RANKS OF BRONZE BY DAVID DRAKE

Ground water had dissolved a pocket in limestone. When that bubble in the rock had reached the surface, or an earthquake had shaken the area, the roof had collapsed to leave a sheer-sided valley a quarter mile in diameter and a hundred feet deep. The channel cut by the water at one end still ran down into the earth, probably as deep as the stratum of limestone itself.

The floor of the sinkhole was covered with debris from the roof and windblown loess trapped by the sides. Rock fragments, gorse-like vegetation, and quantities of droppings from the animals corraled here made the footing difficult even before the trio of Romans reached the cave.

A hundred yards down its sloping throat, the cave would be pitch dark even at noon on Midsummer’s Day.

“Helvius!” the tribune shouted. The trio could be anywhere, not even within the cave. He stumbled forward. Breaking your neck here in the darkness might be as effectively fatal as having your spine hacked through by a slope-browed swordsman. “Helvius! Will you at least come out and talk to somebody with sense before you do this!”

“Careful here, sir,” said Niger, whose night vision seemed to be better than that of Vibulenus. The throat of the cave dropped away slickly, but broad steps had been roughed into one side. The other side. The sky still looked bright if you looked at it directly, but that was by contrast with the lumpy blackness of everything on solid earth.

There didn’t seem to be any peasants around — the sound and smell of their herds was unmistakable — but that made little difference. When the legion was to work with local auxiliaries, the men mustered out with the ability to speak the necessary languages as long as they kept their helmets on. Here they had been operating alone.

So, for that matter, had the enemy: a force of heavy infantry moving across the face of the land more as conqueror than defender. The politics of what they did at the guild’s behest sometimes bothered Vibulenus, but he never had — the legion never had — enough information to decide whether or not they really agreed with the choices the guild had made.

For that matter, he had never been sure why they were invading Parthia. It had something to do with the Kingdom of Armenia, he’d been told, a Roman ally . . . or with rivalry between Crassus and the partners in his political machine, Caesar and Pompey, if you listened to other opinions. He’d been scared green himself — gods! but that had been a long time ago — but he’d have been just as scared if he were being called up because Hannibal was at the gates of Rome again.

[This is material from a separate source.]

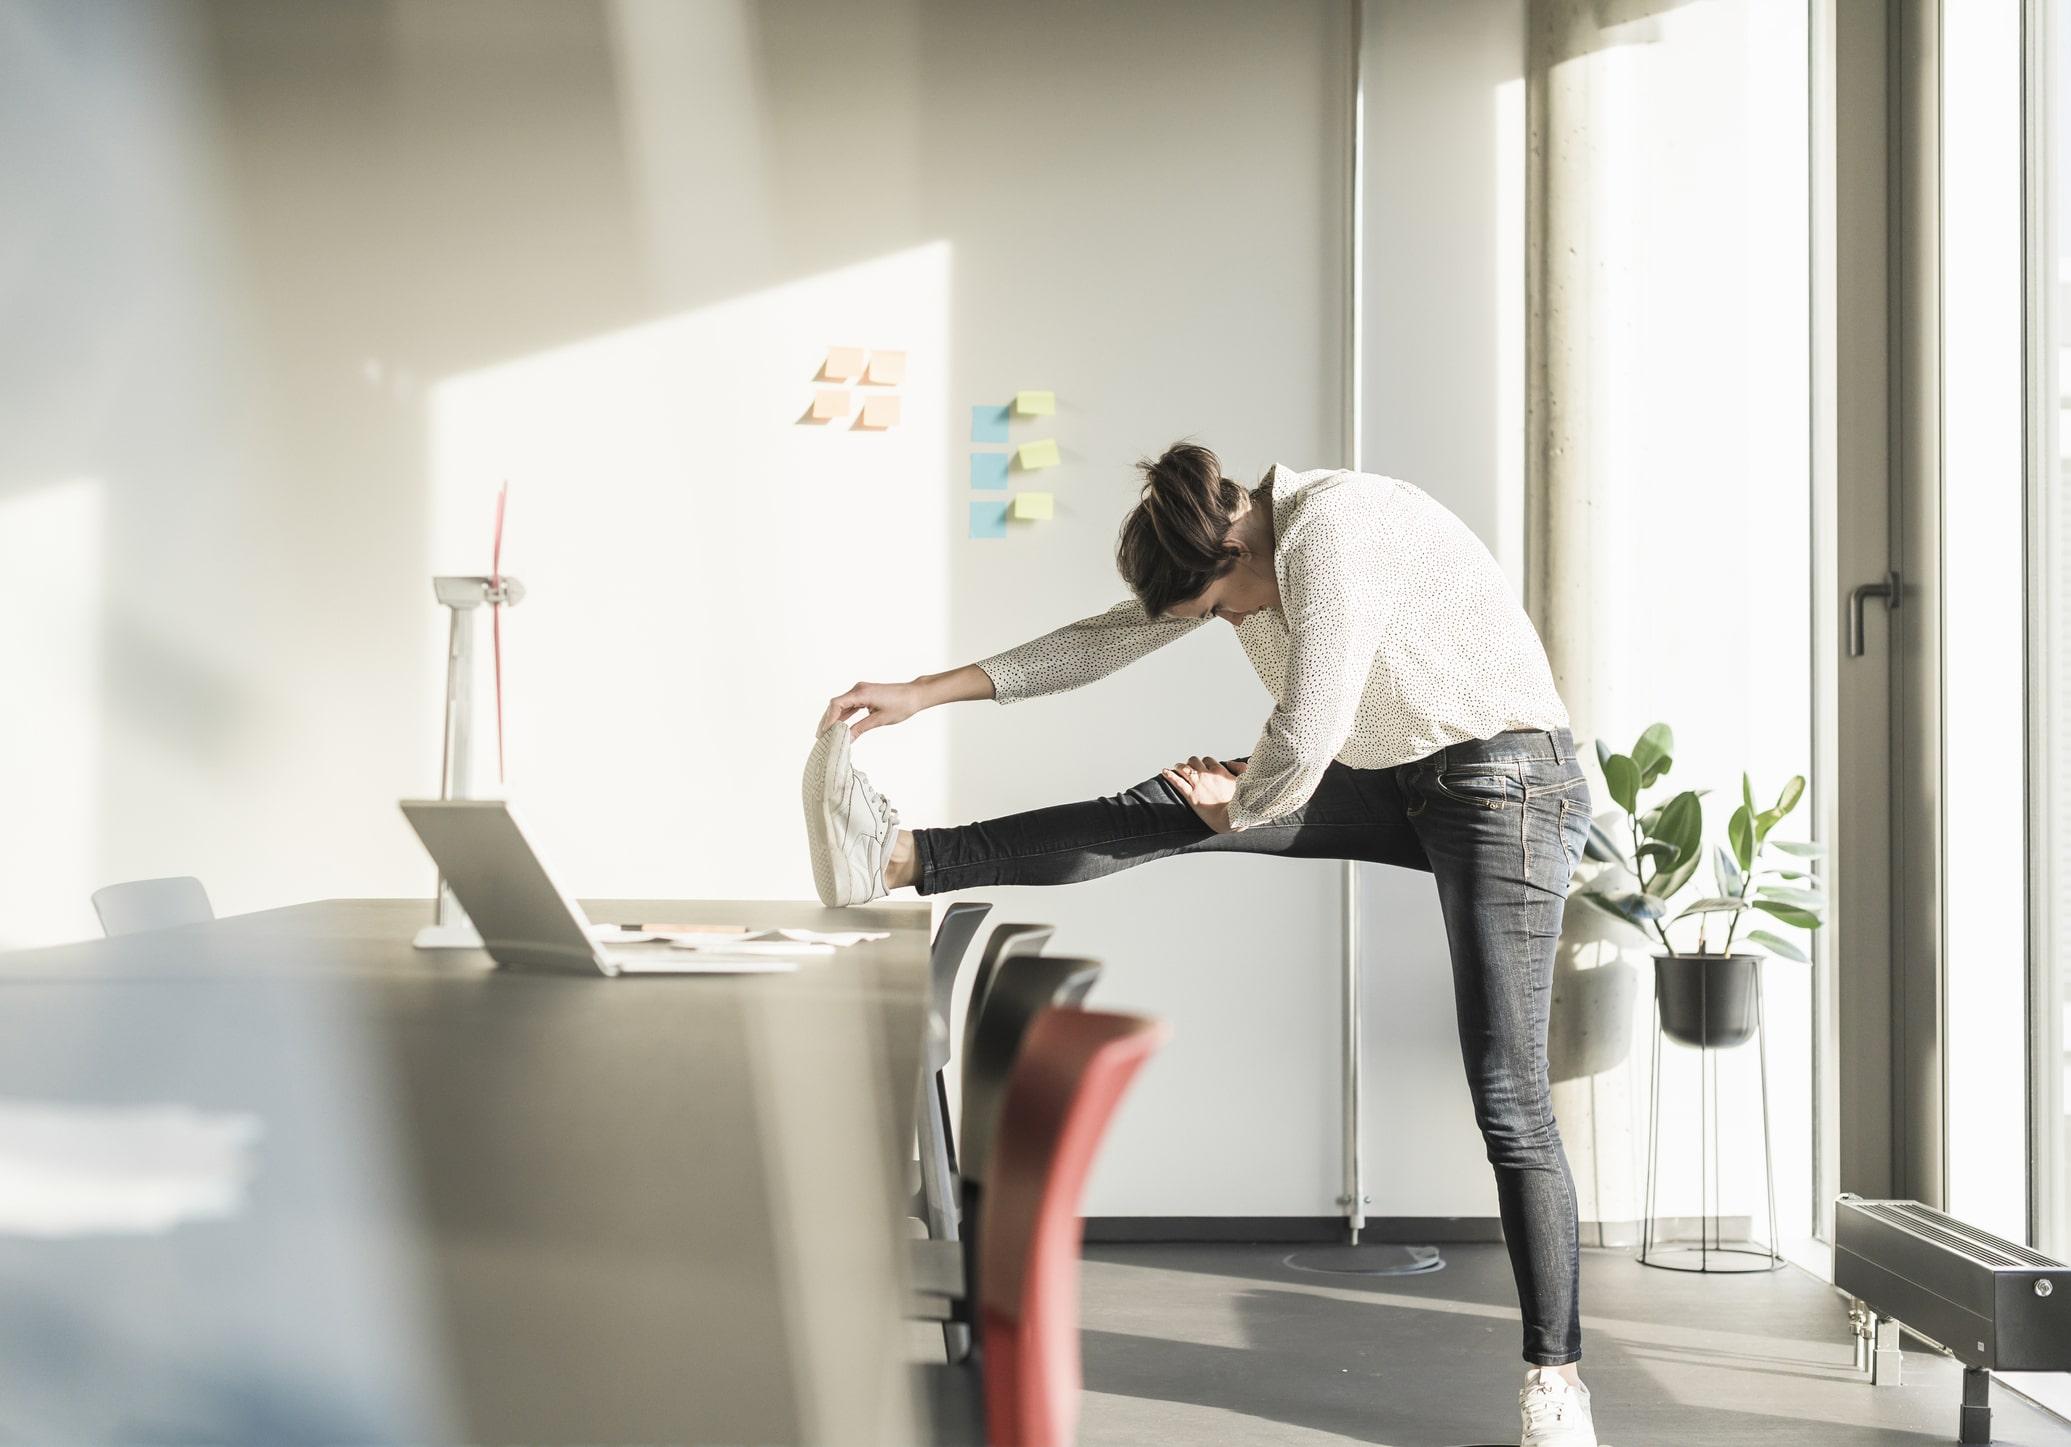 Eine Frau stellt einen Fuß auf ihrem Schreibtisch ab, beugt sich mit Kopf und Rücken weit nach vorne, um sich zu dehnen und bewegen.

Nothing political in fear.

His father might have had doubts about the expedition, but the Vibuleni had made a very good thing out of farming taxes in the Province of Asia and weren’t the people to decry military adventurism in the East. Besides, a family of their stature had a duty to the Republic, to act as exemplars for lesser folk in taking arms to Rome’s glory.

The tribune’s fingers caressed the bone hilt of the sword which he had learned to use so much better after he left Rome’s service than he ever had before.

As for the “lesser folk,” the common legionaries and the non-coms who had fought their way up from that status — so far as Vibulenus could recall, their major concern had been whether the King of Parthia drank from gold cups or hollowed jewels, and which would bring more from the merchants who trailed the army to buy its loot. After a time, they all had more pressing concerns — heat and thirst and the arrows that fell like rain — but those were not political either.

And besides, by then it was too late to matter.

“Decimus!” called the pilus prior, a hand on both Niger and Vibulenus to keep them from trying to descend dangerously farther. The cave had only a slight average slope, but descents when they came tended to be abrupt. “Marcus, Gaius. C’mon and talk for a minute so we don’t fall and kill ourselves, all right? It’s just me, Niger, and Gaius Vibulenus — you know he’s all right. No tricks, just a little talk that can’t hurt nothing.”